Звонит телефон, и Чифую почти молится, надеясь увидеть контакт Такемичи на экране.
— Мацуно, — голос Хины в трубке дрожит, — мне сказали, что Такемичи ушёл из больницы. Ты случайно не с ним..?
Он отмазывается кое-как, стараясь побыстрей закончить разговор и успокоить её, пока в голове бьётся одна-единственная мысль.

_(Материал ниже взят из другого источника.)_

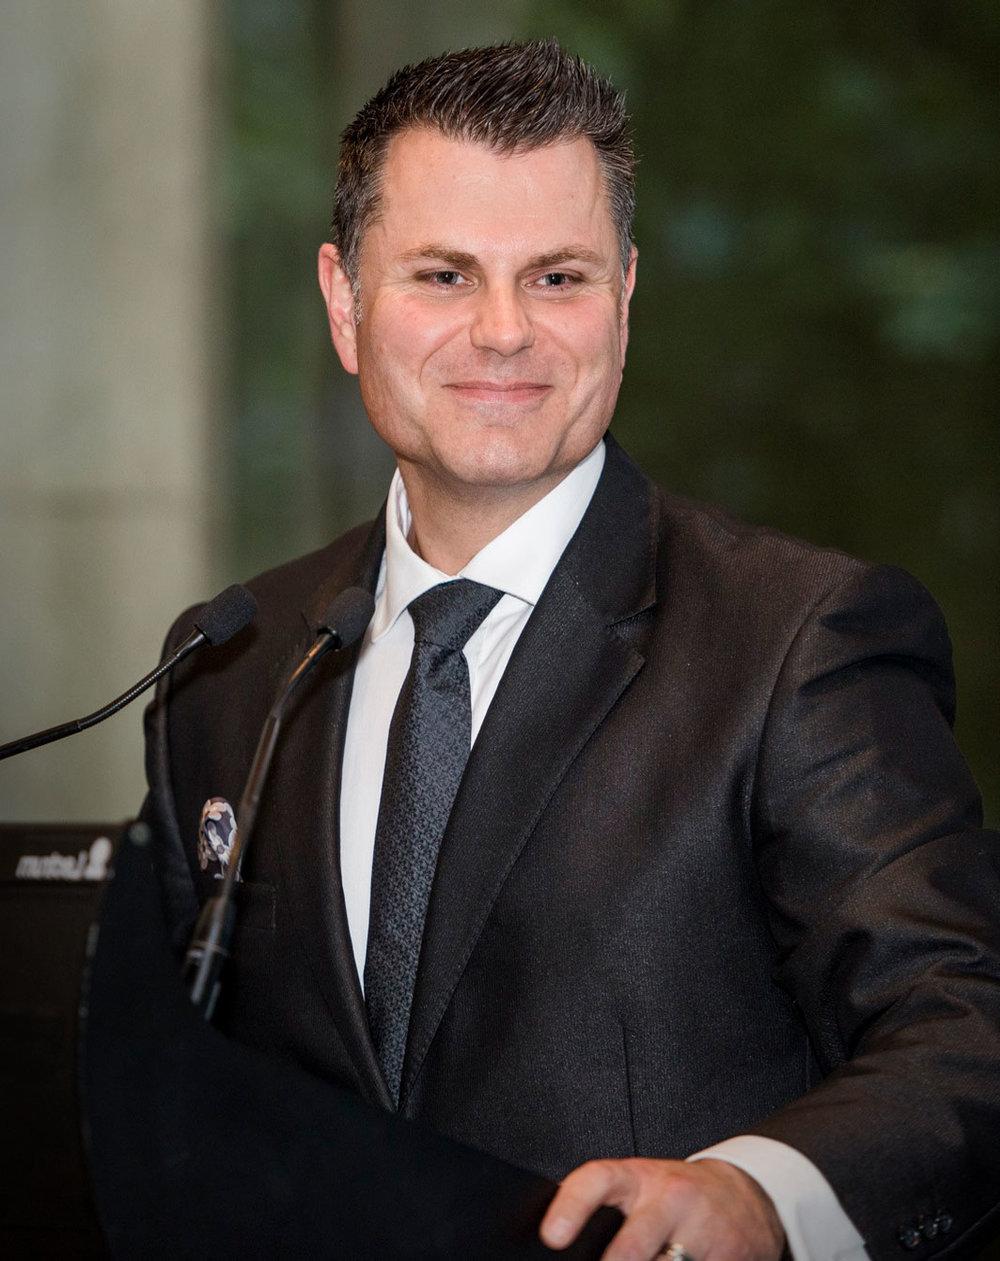 John Karagounis Picture

Такемичи свалил. Молча, несмотря на все просьбы, на, казалось бы, доверительные отношения. Решил расхлёбывать всё сам, в одно лицо, никого не втягивая — как и пообещал однажды. Чифую его не догнать — так же, как Баджи когда-то; оба бежали к огню, а не от него, наплевав на инстинкт самосохранения.
Он не помнит, сколько просидел на коврике, прислонившись спиной к двери. Надо попробовать прикинуть, куда мог попереться сраный Такемучи, но голова пустая. Внутри всё холодеет и скручивается от мысли, что закончить он может так же, как Баджи.
Чифую поднимается и медленно, почти на автомате бредёт к калитке. Щёлкает замком раз, другой, подбирает свой пыльный рюкзак, впопыхах сброшенный с плеч. Смотрит на тёмные окна дома, некстати вспоминая давнишний сон, их с Такемичи разговоры последних недель...
На лицо падает крупная капля. Потом вторая. Третья. Он поднимает глаза вверх, почти не жмурясь; свинцовое небо проливается дождём одновременно с рвущимся наружу смехом. По щекам течёт вдвое больше, но этого никто не увидит.
Снова, получается, разговаривал сам с собой.